PROVIDED INFORMATION section start

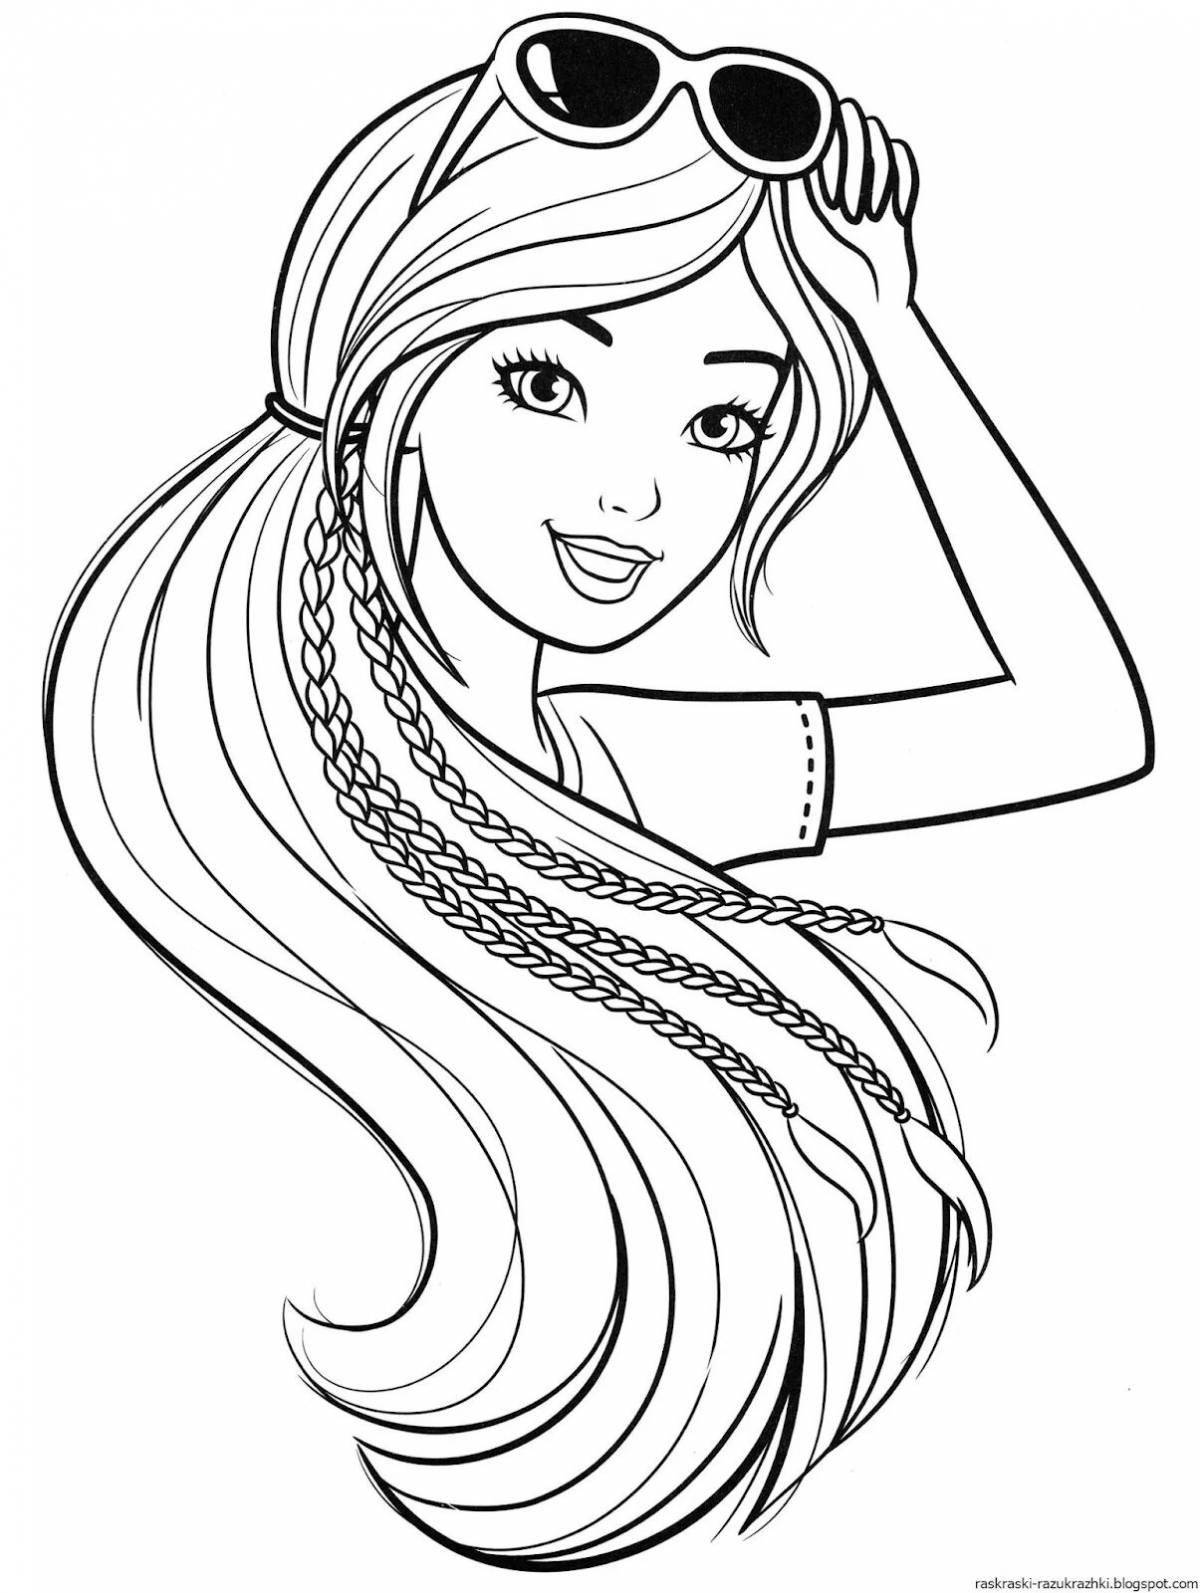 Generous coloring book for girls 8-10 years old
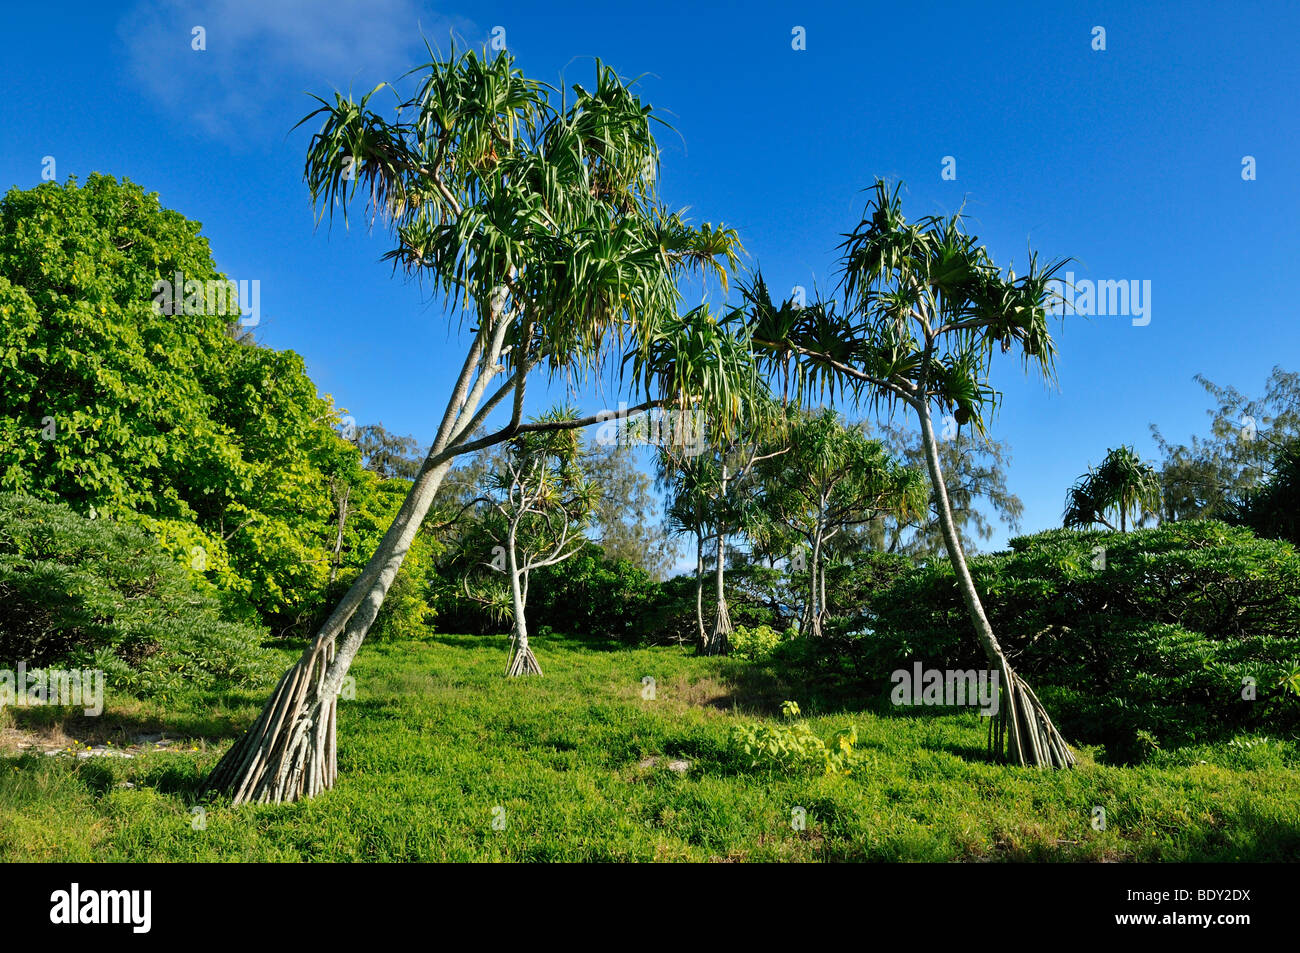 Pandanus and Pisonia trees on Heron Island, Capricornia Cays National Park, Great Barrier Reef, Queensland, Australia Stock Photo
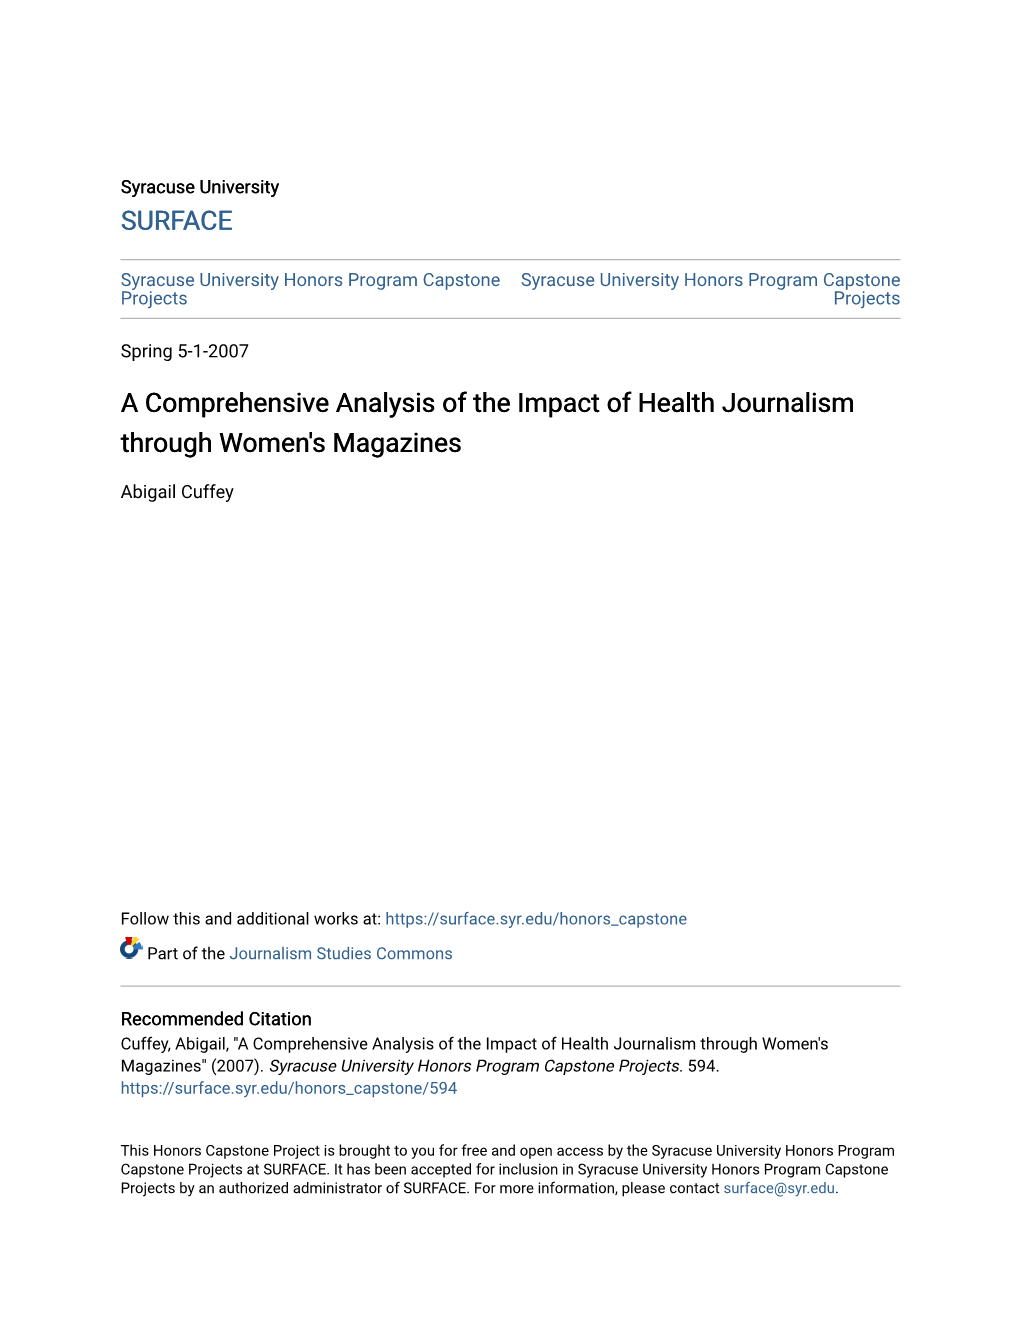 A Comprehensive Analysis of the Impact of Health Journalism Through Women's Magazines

PROVIDED INFORMATION section end
PROVIDED INFORMATION section start

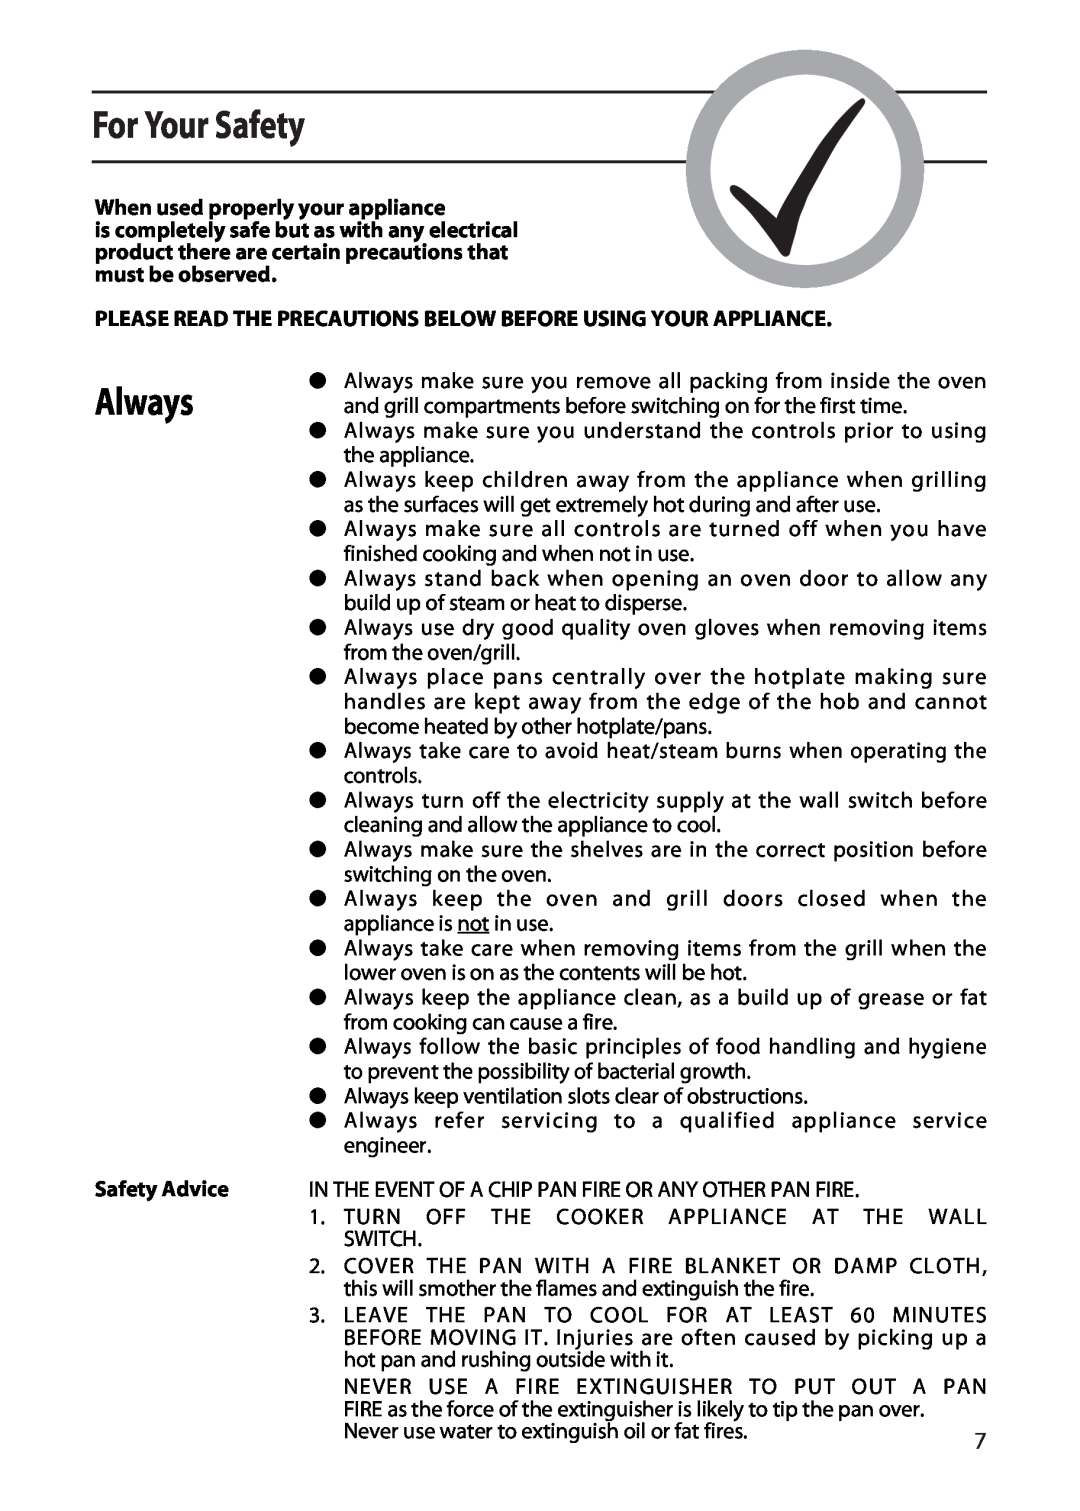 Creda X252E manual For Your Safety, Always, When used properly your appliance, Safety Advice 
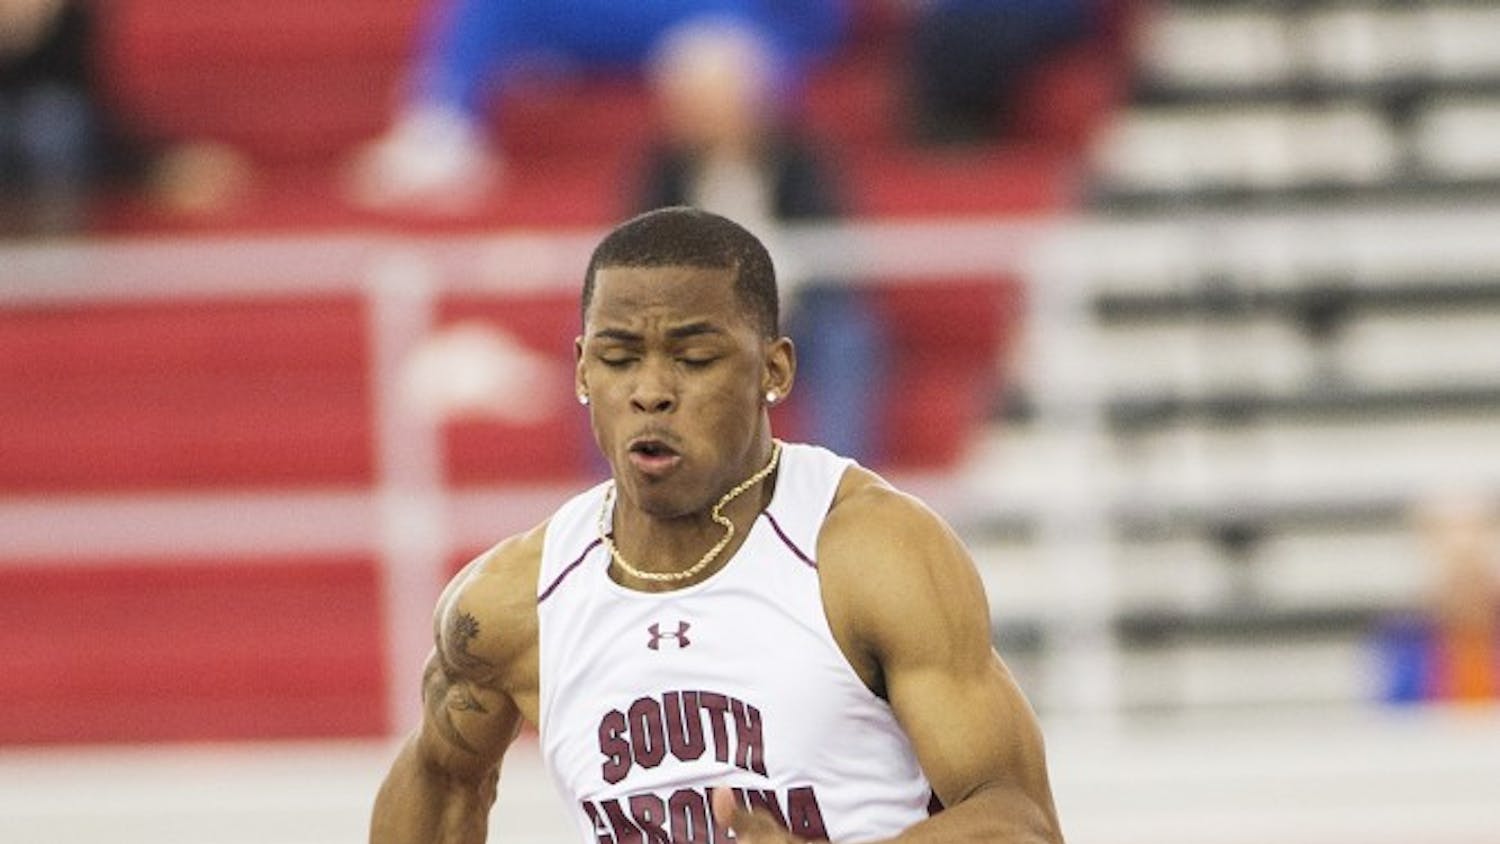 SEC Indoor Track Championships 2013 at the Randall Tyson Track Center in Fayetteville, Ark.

PROVIDED INFORMATION section end

Working from the records above, set down word for word everything from the line containing "Pandanus and Pisonia" down to the line containing "A Comprehensive Analysis", ends included, minus the pictures.

 Pandanus and Pisonia trees on Heron Island, Capricornia Cays National Park, Great Barrier Reef, Queensland, Australia Stock Photo
 A Comprehensive Analysis of the Impact of Health Journalism Through Women's Magazines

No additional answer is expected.